January 30, 2011 / 11:20 PM / 8 years ago

Factbox: U.S. plans charter flights out of Egypt

WASHINGTON (Reuters) - The State Department will begin charter flights from Cairo on Monday to evacuate American citizens to “safe havens” in nearby Mediterranean countries, said Assistant Secretary of State for Consular Affairs Janice Jacobs.

Following are key facts about the plan to help as many as several thousand U.S. citizens fly out of Egypt to escape anti-government unrest:

FLIGHTS FROM CAIRO TO SAFE HAVENS

Flight destinations have not been finalized, but the State Department is looking at Istanbul, Turkey; Nicosia, Cyprus; and Athens, Greece, Jacobs said. Flights from Alexandria or other cities in Egypt might be necessary if large pockets of U.S. citizens there cannot reach Cairo, she said.
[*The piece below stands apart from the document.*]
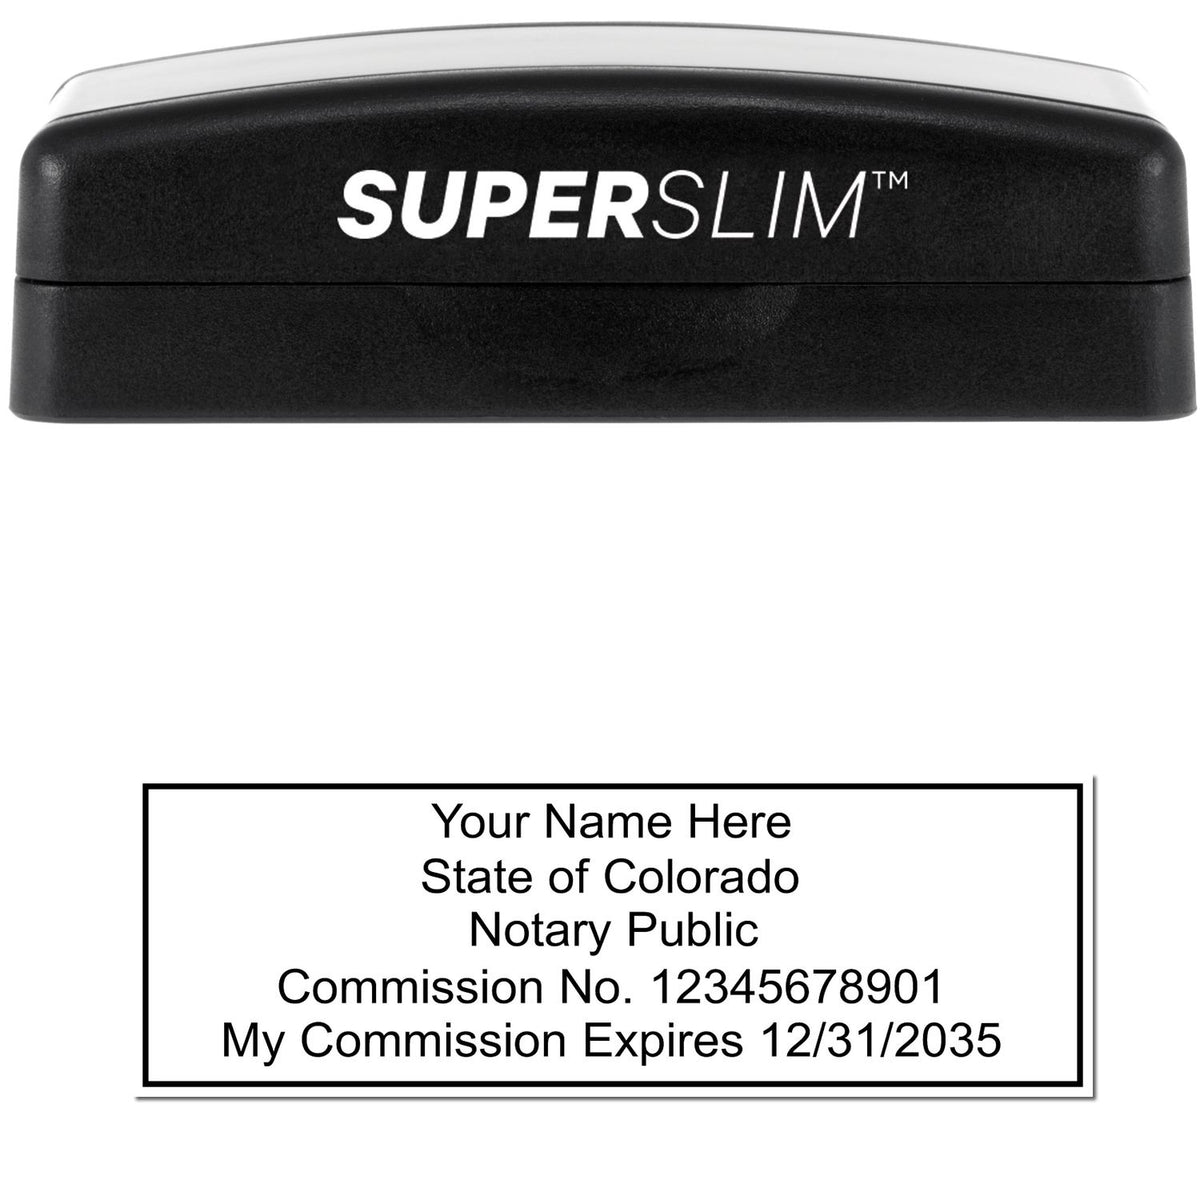 The main image for the Super Slim Colorado Notary Public Stamp depicting a sample of the imprint and electronic files

NUMBER OF CITIZENS AFFECTED

Consular authorities do not have a precise figure for the number of U.S. citizens in Egypt, as they record only those residents or visitors who register with the U.S. embassy in Cairo. Jacobs estimated that it would take “several flights over a number of days” to take out as many as several thousand U.S. citizens from Egypt and said the flights will continue until as long as there is demand for them.

CITIZEN CONTACT INFORMATION

To disseminate flight information, the State Department has set up the website www.egyptemergencyusc@state.gov and the telephone numbers 1-888-407-4747, for calls inside the United States, and 1-202-501-4444, for calls from overseas.

“We are relying on people to actually reach out to us to let us know” if they want to leave Egypt, said Jacobs.

U.S. citizens who wish to take a charter flight will have to sign a promissory note agreeing to reimburse the government for the fare at rates comparable commercial flights, she said.

ADVICE TO U.S. CITIZENS

Jacobs said the United States is advising its citizens in Egypt to “limit their movements and shelter in place to the extent that they can,” observe the curfew set by the government and avoid protest areas. U.S. citizens should not rush to Cairo airport before verifying flight schedules, said Jacobs.